Ultrasound
Iscavets Veterinary Practice has a modern ultrasound machine with colour Doppler. This allows us to look inside the animal. Depending on your animal’s temperament, it is sometimes necessary to give a sedative.
Important: for this examination, your animal should not have eaten in the 12 hours preceding the examination. Water is not a problem. Also, do not allow your animal to urinate shortly before the examination.

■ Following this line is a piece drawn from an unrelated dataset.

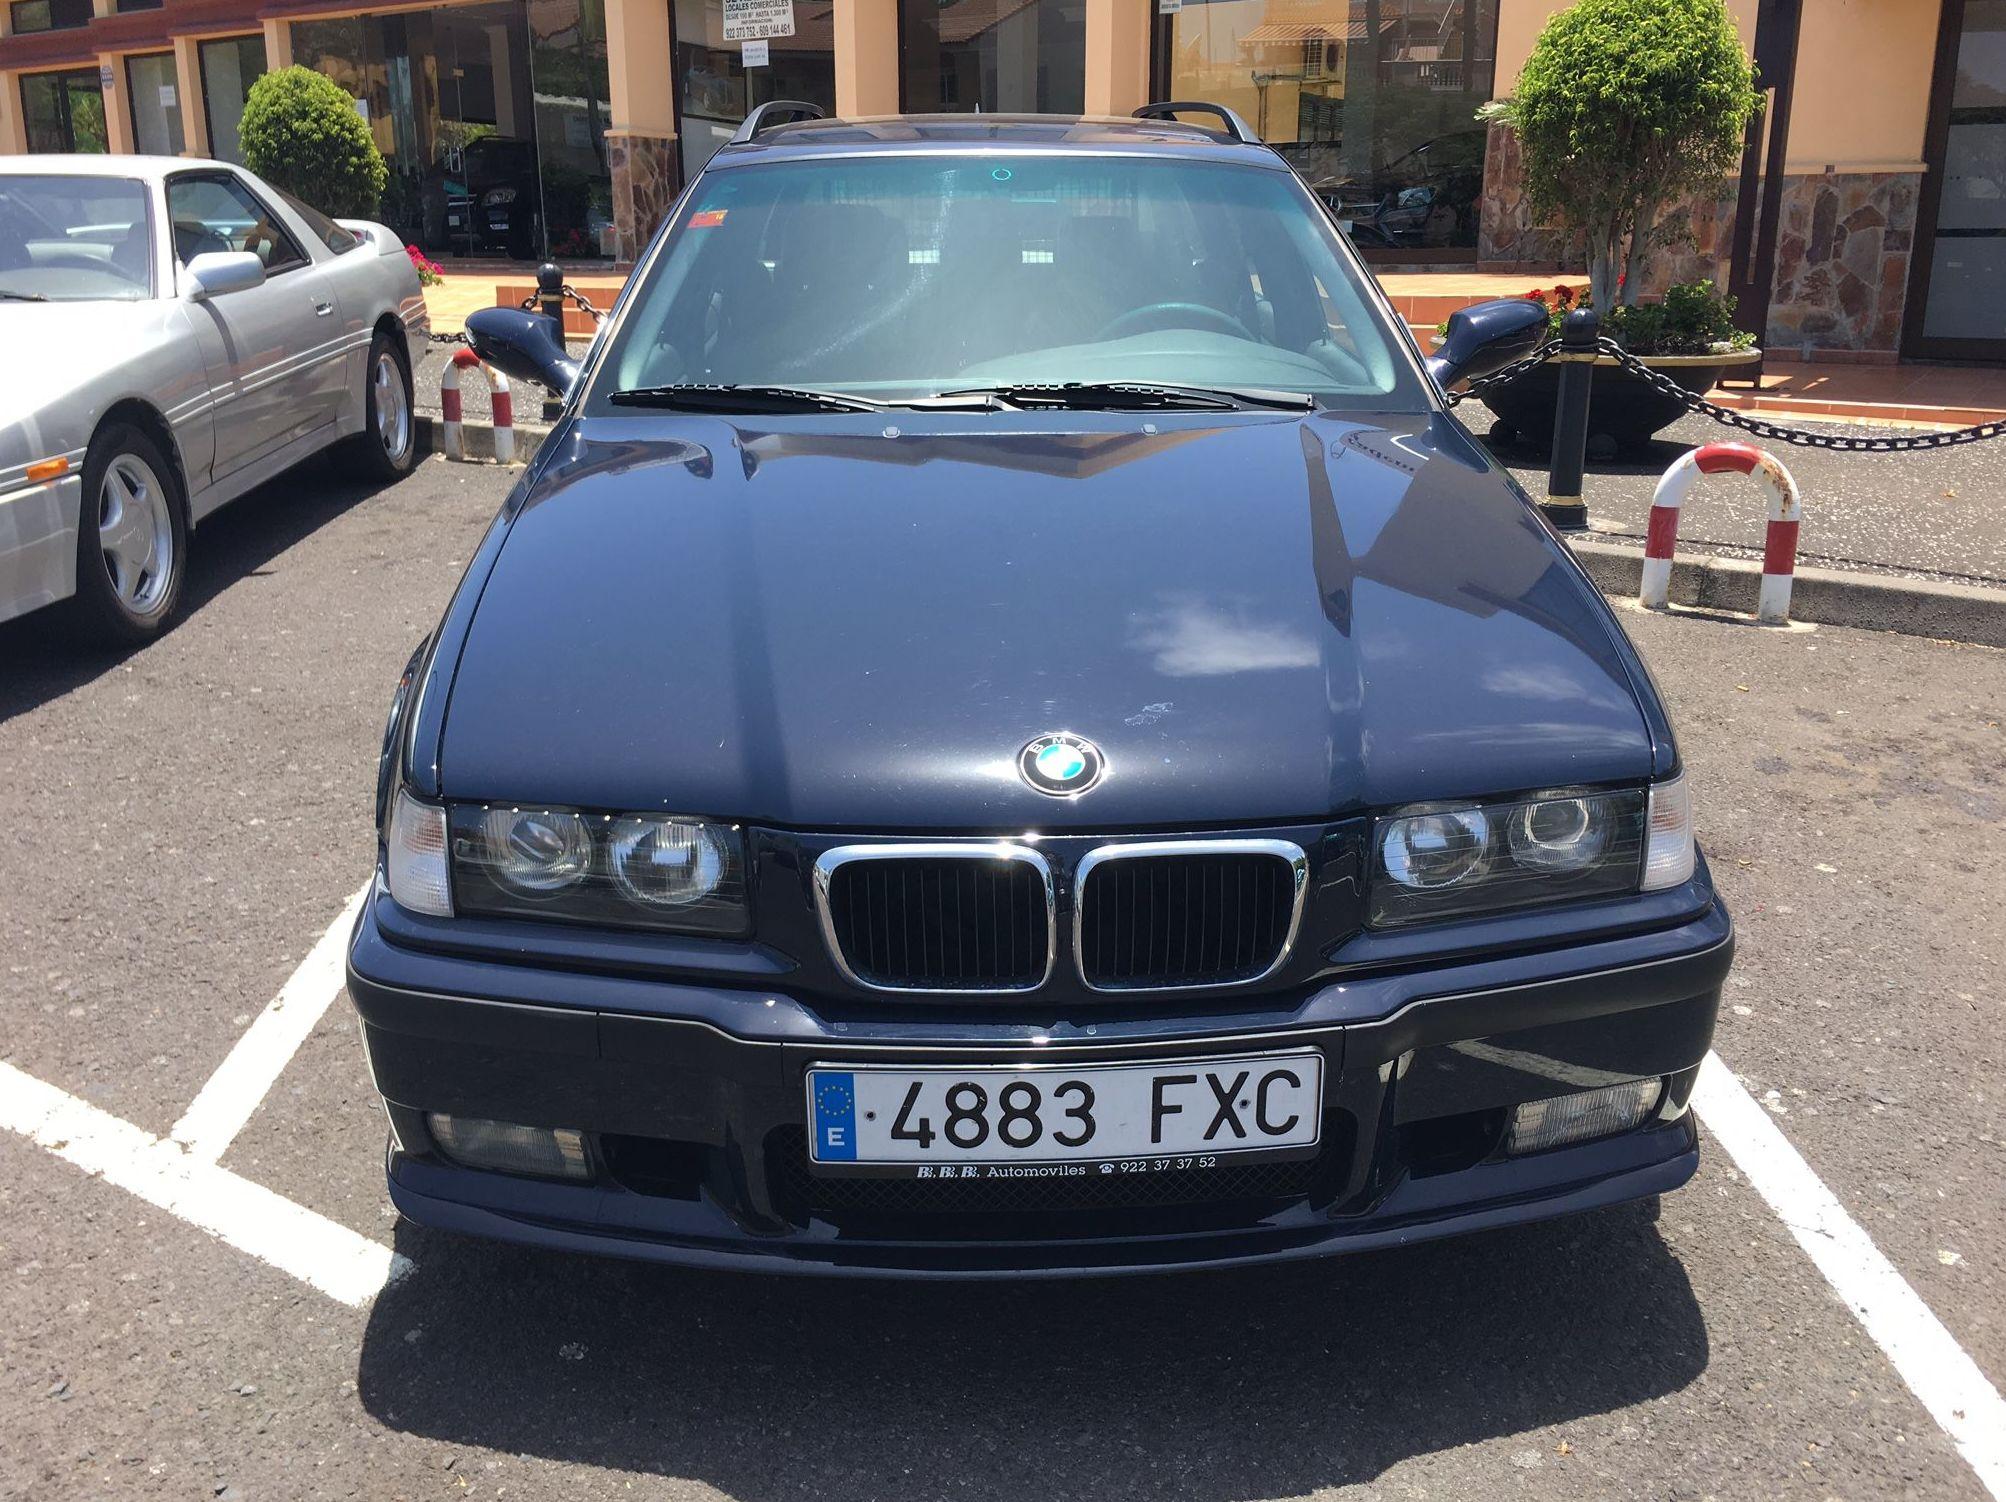 BMW 320I TOURING: Coches de B.B.B. Automóviles

For areas where there is a lot of air, ultrasound is less suitable. To get an image of the lungs, a radiography is better. For the abdomen, an ultrasound is more appropriate. It gives you an idea of the tissues themselves, where with a radiograph you only see the outlines of the organs. Moreover, you still have a good view if there is free fluid in the abdomen, where with a radiograph you can’t see anything.
Heart ultrasound
An ultrasound examination of the heart occupies a special place in medical imaging. This special subsection is performed at our clinic by colleague Frederic Bouvez, who visits monthly.
Digital radiography
Radiography is a secondary examination that is ideally suited for viewing bones and lungs. In some cases, it is also the preferred examination for the abdomen, if there is a lot of gas accumulation, for example. Iscavets veterinary practice has a modern digital radiography machine where the images are immediately linked to your animal’s file.
Most radiographs are taken on an awake animal. Nevertheless, sometimes a sedative or even a full anaesthetic is needed. In this case, we will ask you to keep your animal sober.
Dental digital radiography
To work according to standards, dental care is impossible without appropriate radiography equipment. These images provide a picture of the structure of the teeth, of the periodontal ligament, the jawbone and lesions on the roots. Thus, it can be seen which teeth can be saved and which cannot. This is the only way to achieve teeth that are not painful. Because admit it, tooth pain is really no laughing matter.
Other medical imaging
In veterinary medicine, too, developments are ongoing and medical imaging techniques such as a scanner (MRI, CT scan) and endoscopy are now within reach.
If such examinations prove useful and necessary, we are happy to refer you to a more specialised structure for this purpose.